UniDex: A Robot Foundation Suite for Universal Dexterous Hand Control from Egocentric Human Videos

arXiv cs.RO / 2026/3/24

📰 ニュースSignals & Early TrendsIdeas & Deep AnalysisModels & Research

要点

  • UniDex proposes a “robot foundation suite” for universal dexterous hand control by combining a large robot-centric dataset, a unified vision-language-action (VLA) policy, and a human-data capture setup.
  • The approach builds UniDex-Dataset with 50K+ robot trajectories across eight different dexterous hands (6–24 DoFs) by retargeting egocentric human videos via a human-in-the-loop procedure that preserves plausible hand-object contacts.
  • UniDex introduces FAAS (Function-Actuator-Aligned Space), an action-space mapping that aligns functionally similar actuators across different hand embodiments to enable cross-hand transfer.
  • A pretrained UniDex-VLA policy is trained on the robot-centric dataset and then fine-tuned with task demonstrations, achieving strong performance on tool-use tasks (81% average task progress) and notable zero-shot cross-hand generalization.
  • UniDex-Cap provides a portable RGB-D + hand-pose capture pipeline to convert human data into robot-executable trajectories, aiming to reduce dependence on expensive robot teleoperation for co-training.

Abstract

Dexterous manipulation remains challenging due to the cost of collecting real-robot teleoperation data, the heterogeneity of hand embodiments, and the high dimensionality of control.

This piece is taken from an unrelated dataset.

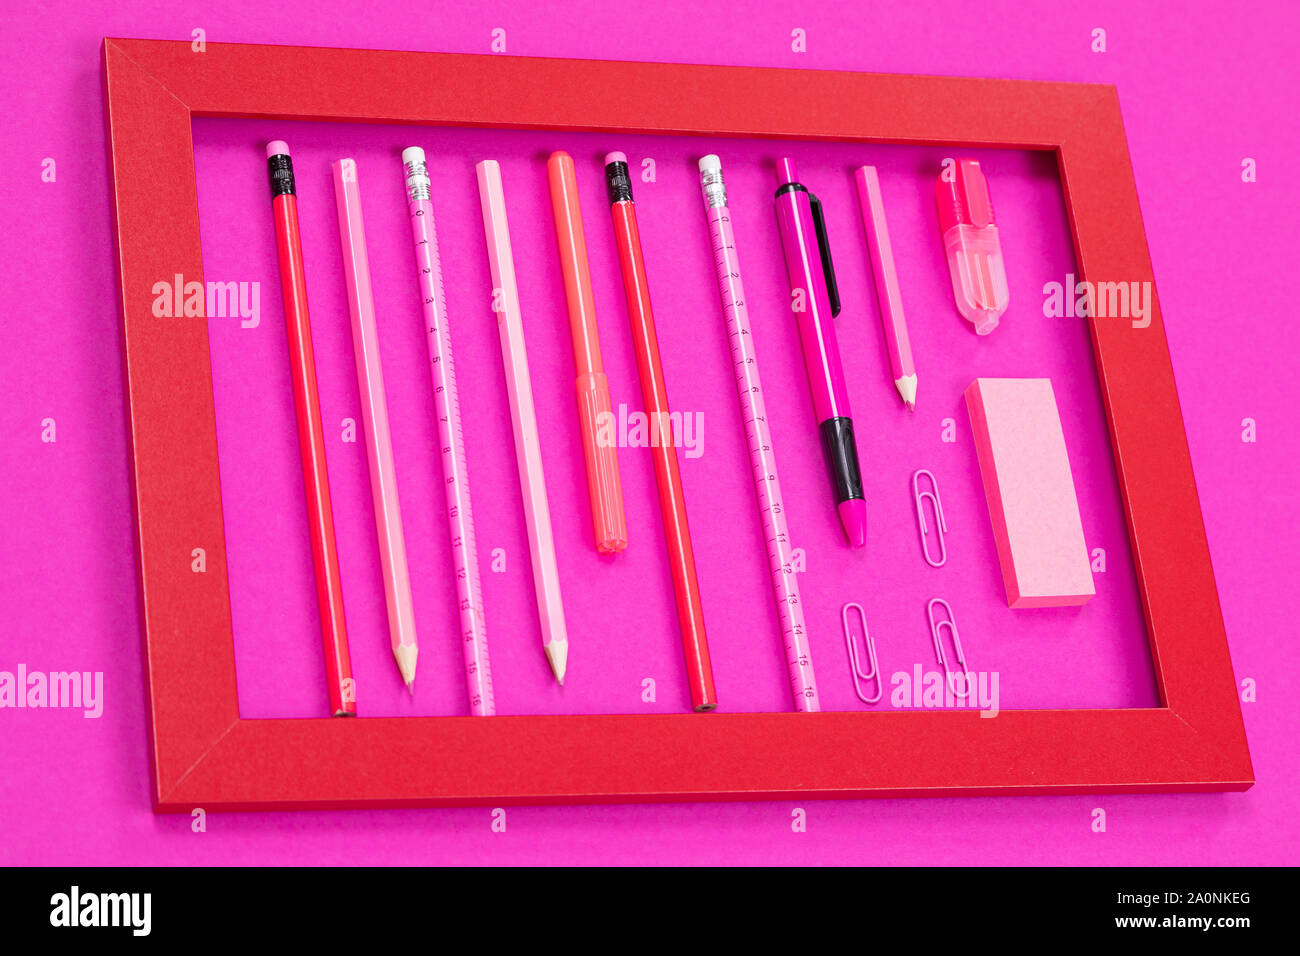 Straightly arranged group of pink color office incidentals in red frame on pink surface cutout Stock Photo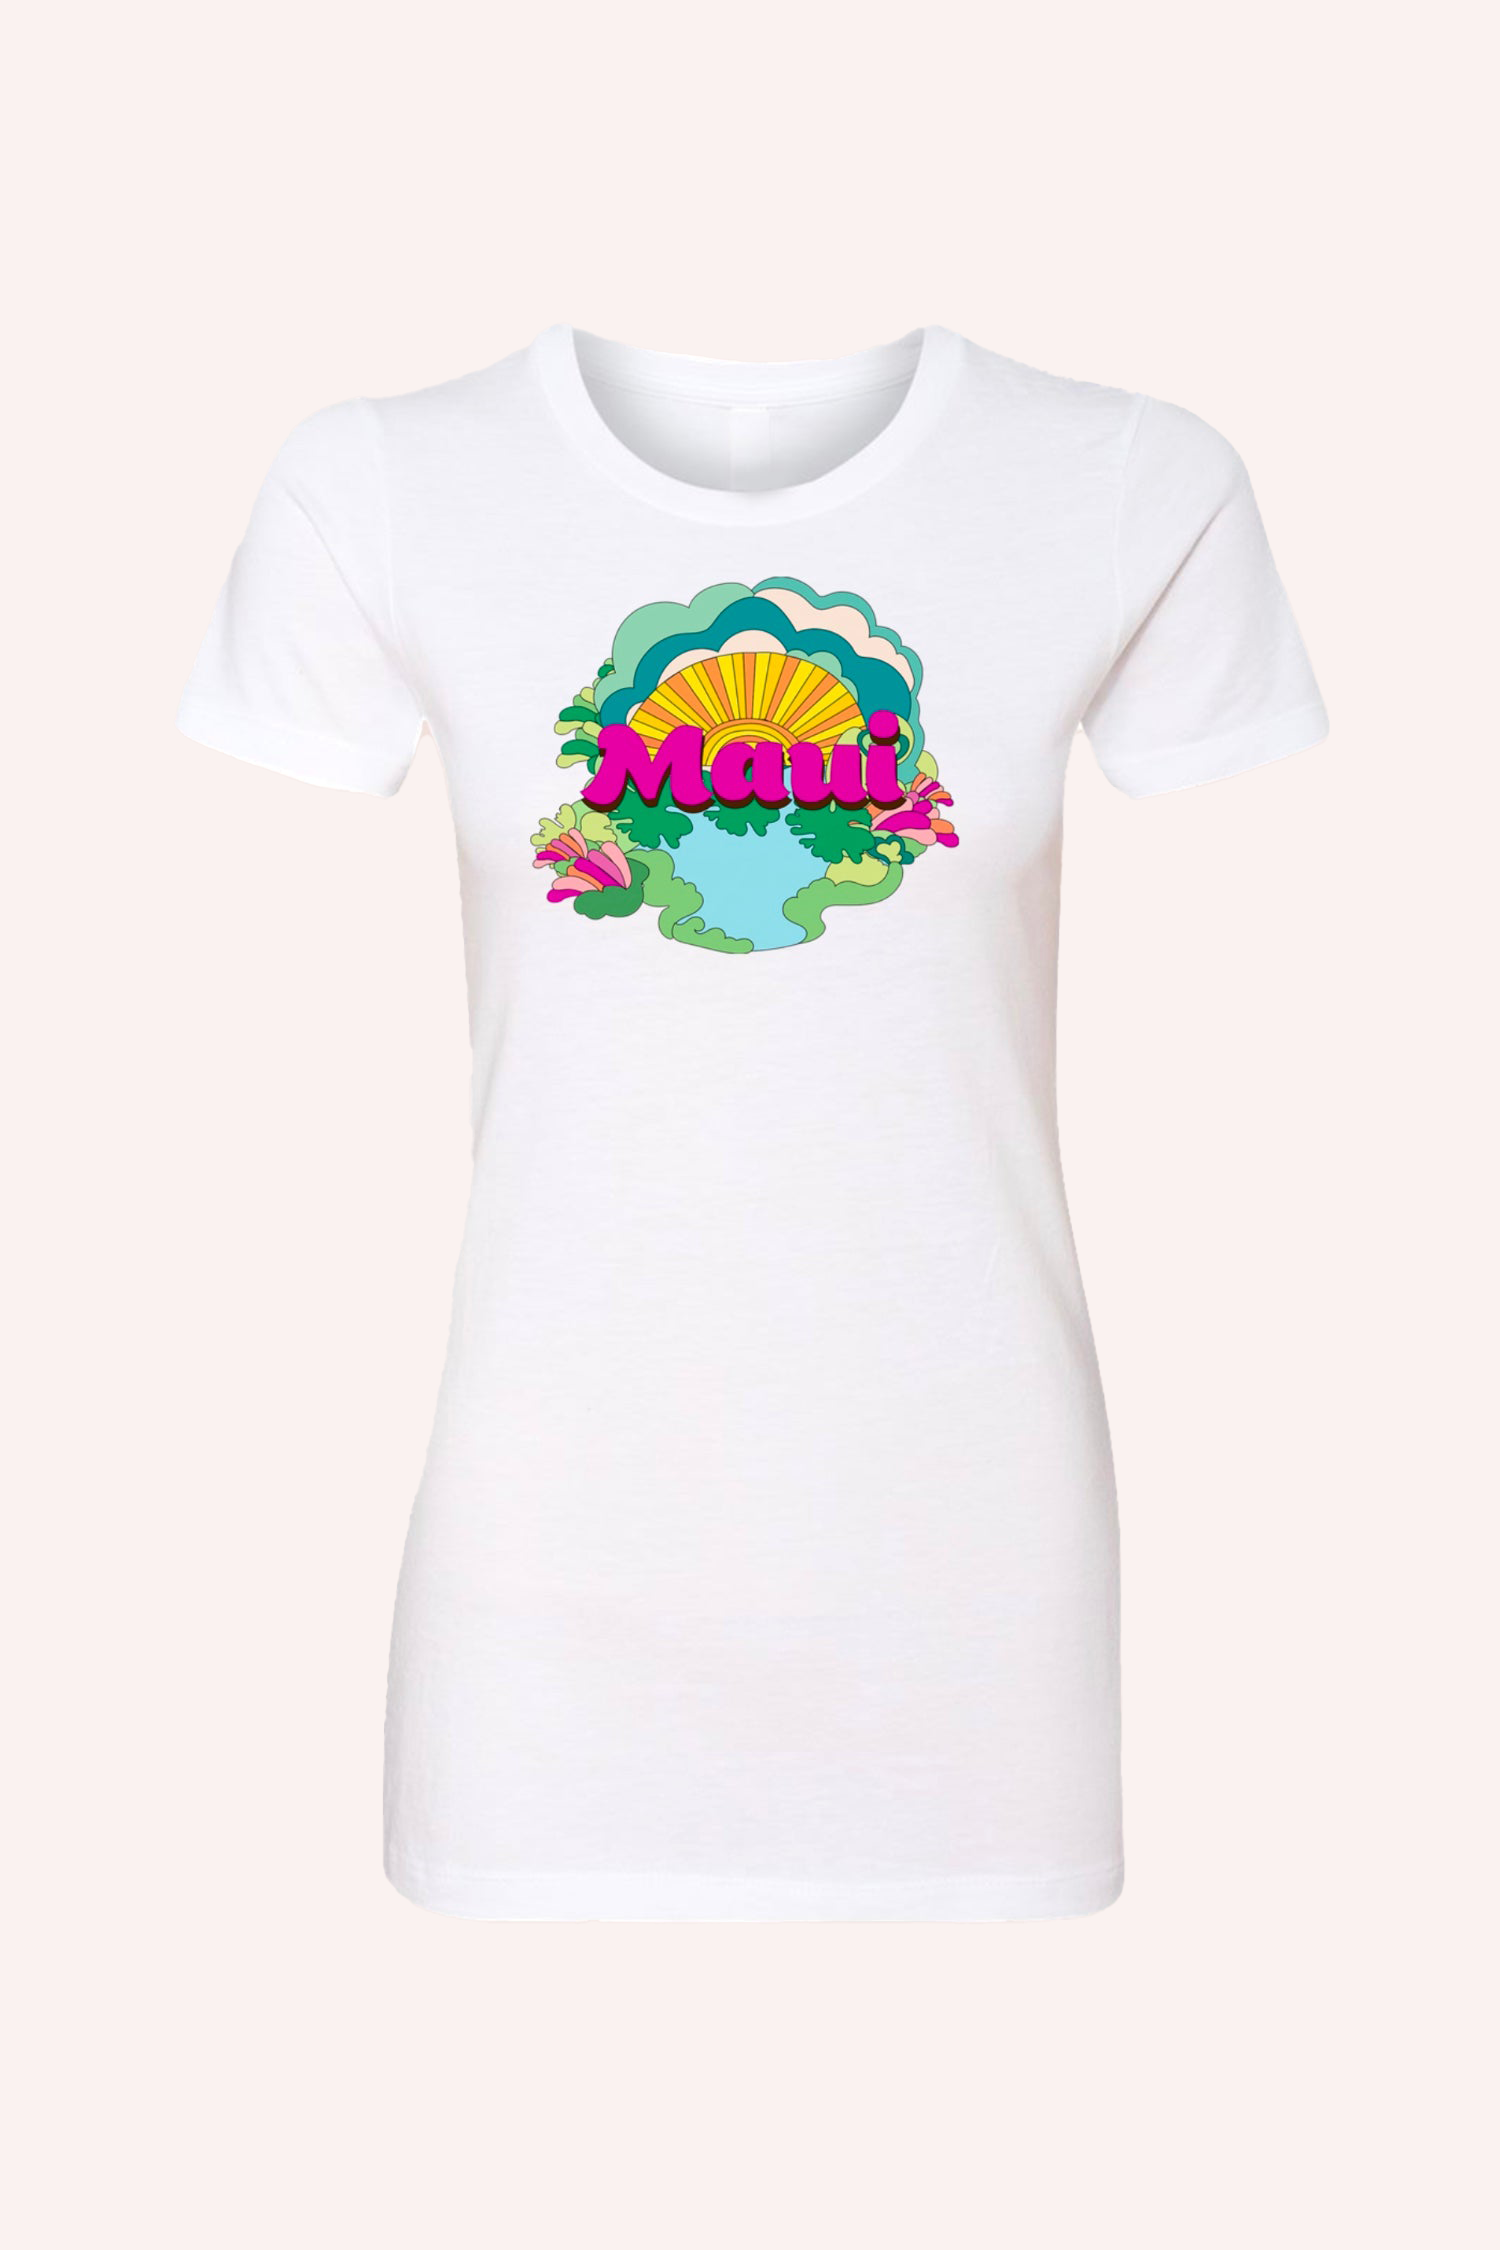 Fitted Maui Tee, white, short sleeves, round collar, print on the bust with MAUI and a Hawaiian design

We present UniDex, a robot foundation suite that couples a large-scale robot-centric dataset with a unified vision-language-action (VLA) policy and a practical human-data capture setup for universal dexterous hand control. First, we construct UniDex-Dataset, a robot-centric dataset over 50K trajectories across eight dexterous hands (6--24 DoFs), derived from egocentric human video datasets. To transform human data into robot-executable trajectories, we employ a human-in-the-loop retargeting procedure to align fingertip trajectories while preserving plausible hand-object contacts, and we operate on explicit 3D pointclouds with human hands masked to narrow kinematic and visual gaps. Second, we introduce the Function-Actuator-Aligned Space (FAAS), a unified action space that maps functionally similar actuators to shared coordinates, enabling cross-hand transfer. Leveraging FAAS as the action parameterization, we train UniDex-VLA, a 3D VLA policy pretrained on UniDex-Dataset and finetuned with task demonstrations. In addition, we build UniDex-Cap, a simple portable capture setup that records synchronized RGB-D streams and human hand poses and converts them into robot-executable trajectories to enable human-robot data co-training that reduces reliance on costly robot demonstrations. On challenging tool-use tasks across two different hands, UniDex-VLA achieves 81% average task progress and outperforms prior VLA baselines by a large margin, while exhibiting strong spatial, object, and zero-shot cross-hand generalization. Together, UniDex-Dataset, UniDex-VLA, and UniDex-Cap provide a scalable foundation suite for universal dexterous manipulation.